As an acid gas when dissolved in water, CO2 forms a weak acid which in turn can react with formation, especially in carbonates. Reaction between CO2-formed acid and the formation can cause rock dissolution and changes to the reservoir heterogeneity.

 

DATA ANALYSIS

This section is the analysis of the dataset collected from 134 CO2 projects. Data includes reservoir properties, reservoir fluid properties, and operation parameters.

  • Project Evaluation

Out of the 134 CO2 flooding projects, 91 projects were evaluated as successful. Oil recovery was enhanced significantly after CO2 injection. Commercial successes were also achieved through these projects. 18 projects were considered as promising, as favorable enhanced oil recovery methods are developed and with continuous injection or strategy adjustment, satisfactory recovery may be reached. 15 projects are still at the early stage of CO2 injection, and are not ready to be evaluated. 7 projects were assessed as discouraging. These projects barely provide any enhanced oil recovery and made unfavorable profit. Evaluations of the other 3 projects were not available. The pie chart below shows the proportion of different assessments. Overall, about 82% of the projects were encouraging and only 5% of the projects were unsuccessful.

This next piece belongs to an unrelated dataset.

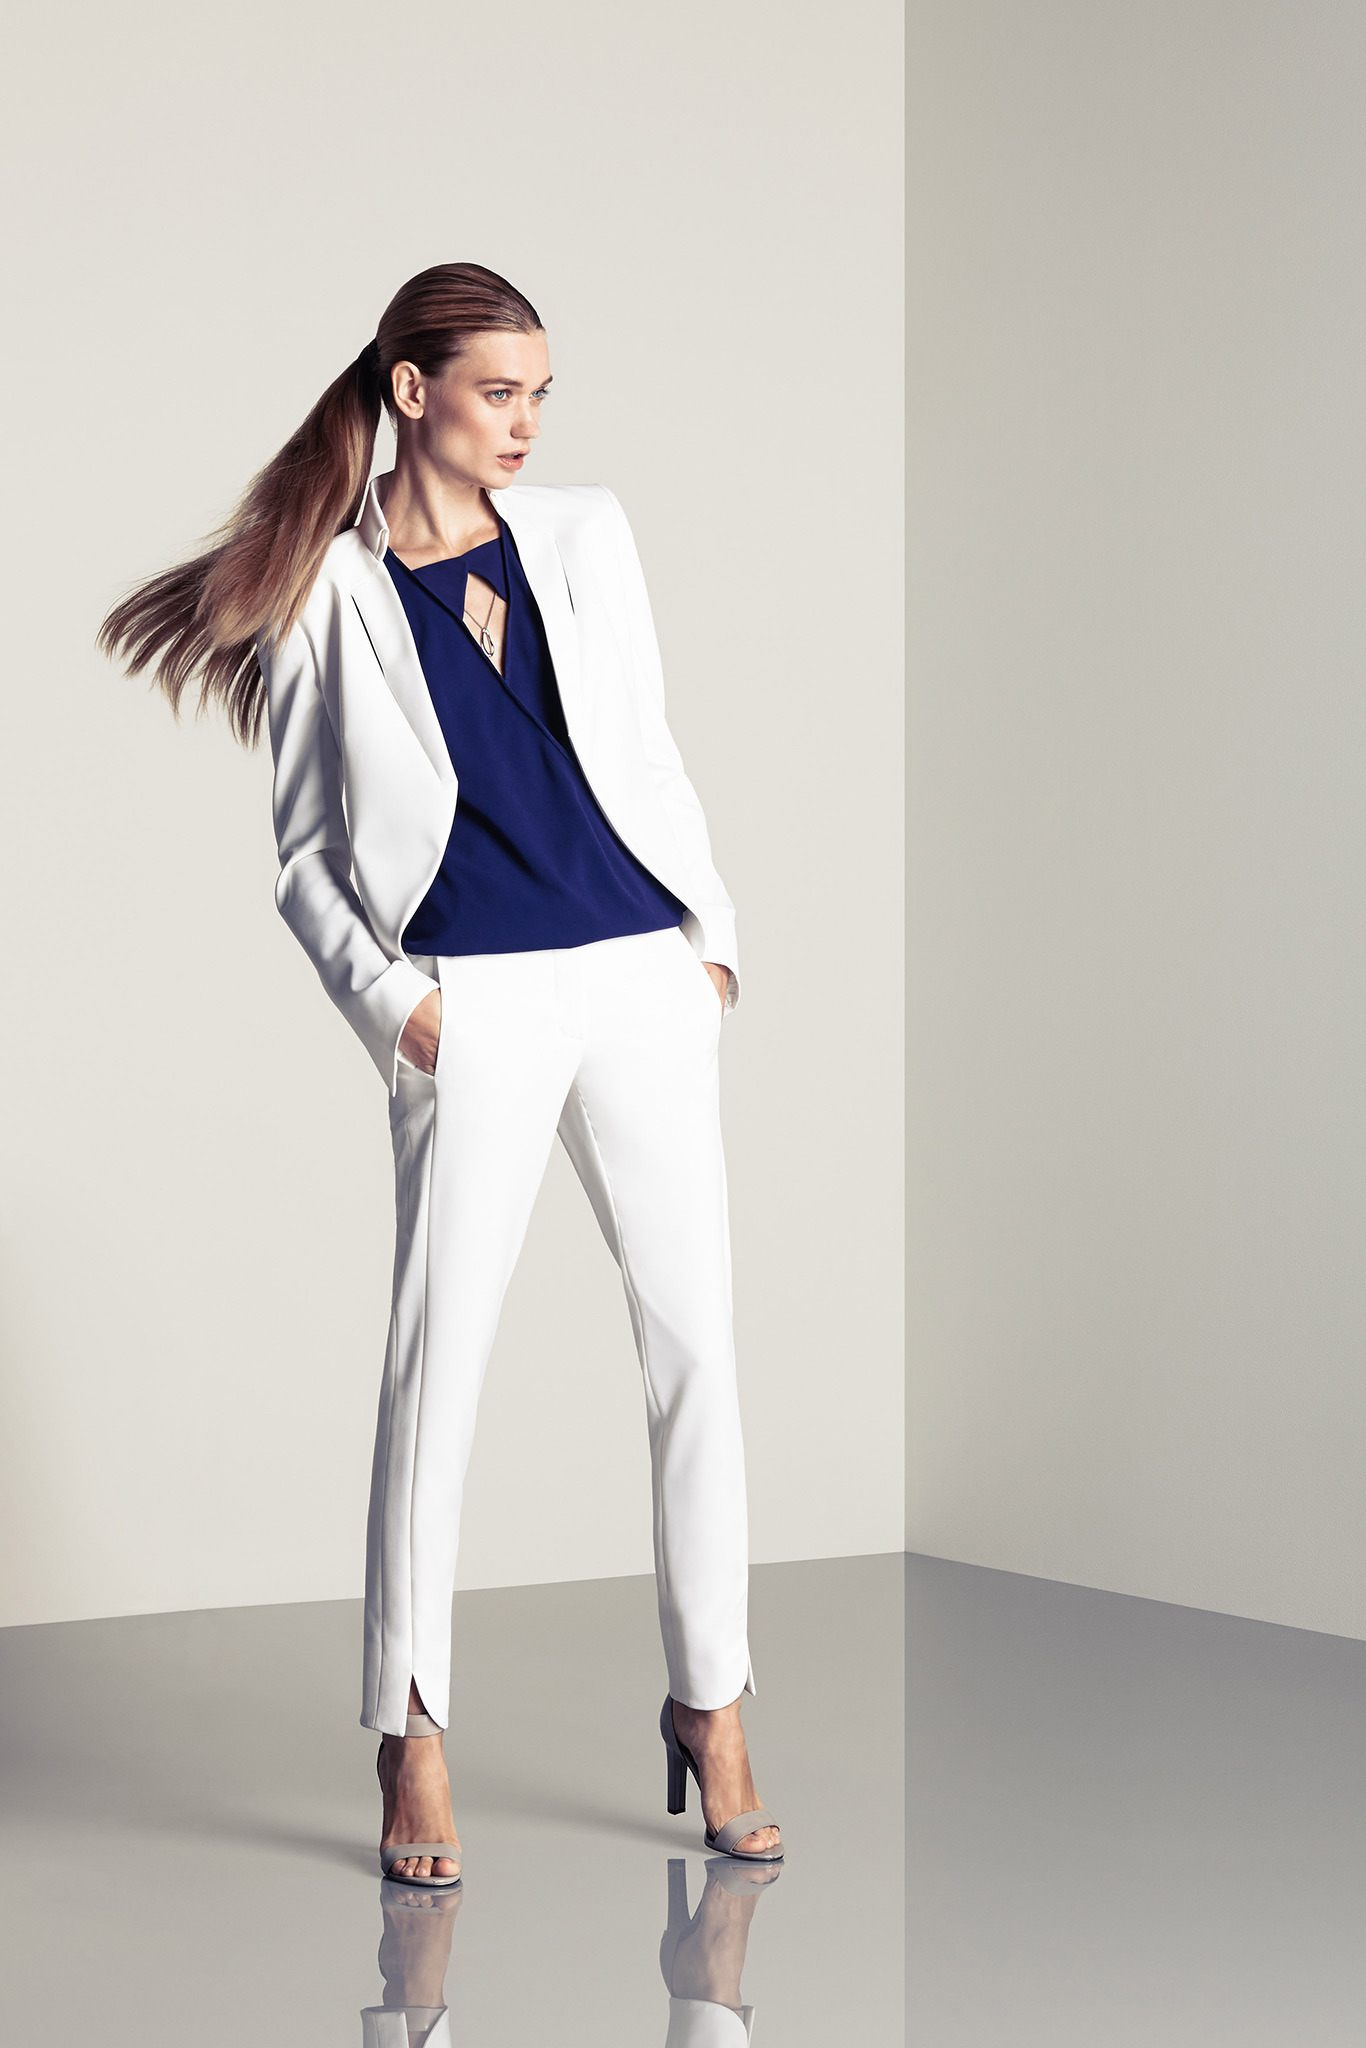 Tuxedo fashion trends 2018 100

Figure 11 Evaluations of 134 CO2 projects.

 

  • Reservoir Properties

The following data analysis below is the dataset without the 7 unsuccessful projects.

  •  Reservoir lithology. 

The figure below shows the percentage of CO2 flooding project applications in different formations in the last three decades. The pie chart indicates that about 55 percent of the projects were applied in carbonate reservoirs while about 37 percent in sandstone reservoirs. The other six percent were implemented in tripolite reservoirs. It is reported that CO2 flooding is not sensitive to reservoir lithology. There are more projects in carbonate reservoirs than in sandstone reservoirs because the largest CO2 field in the U.S. is in the Permian Basin, which is dominated with carbonate rocks.

Figure 12 Reservoir lithology distributions of 129 projects

 

  • Reservoir porosity

A histogram and a box plot were generated to display the distribution of the porosity of all 134 projects. The range of porosity is from 4 to 29.5%. Two outliers were detected from the box plot. It can be observed that the histogram is distributed in a skewed shape. The three highest peaks in the range from 9 to 17. The box plot in Figure 13 shows the average is 14.3 and the median is 12.

Figure 13 Reservoir porosity (%) distributions histogram

Figure 14 Reservoir porosity (%) distributions boxplot

 

Both histograms and boxplots look different when the porosity distributions are separated into sandstone and carbonate reservoirs. Distributions for two types of reservoirs are shown in the figures below.

Figure 15 Porosity distributions of sandstone reservoirs (a) box plot and (b) histogram

Figure 16 Porosity distributions of carbonate reservoirs (a) box plot and (b) histogram

 

For the sandstone porosity distribution, it can be seen that the porosity range is from 7 to 30 and the histogram displays in a normal shape. The maximum peak is the range from 16-20. For the carbonate reservoirs, the box plot shows that the porosity is distributed more concentratedly. Most of the data falls into the ranges of 6-10 and 11-15.  A better comparison can be perceived from the histogram below. Porosities are obviously distributed in the smaller ranges for carbonate reservoirs than sandstone ones.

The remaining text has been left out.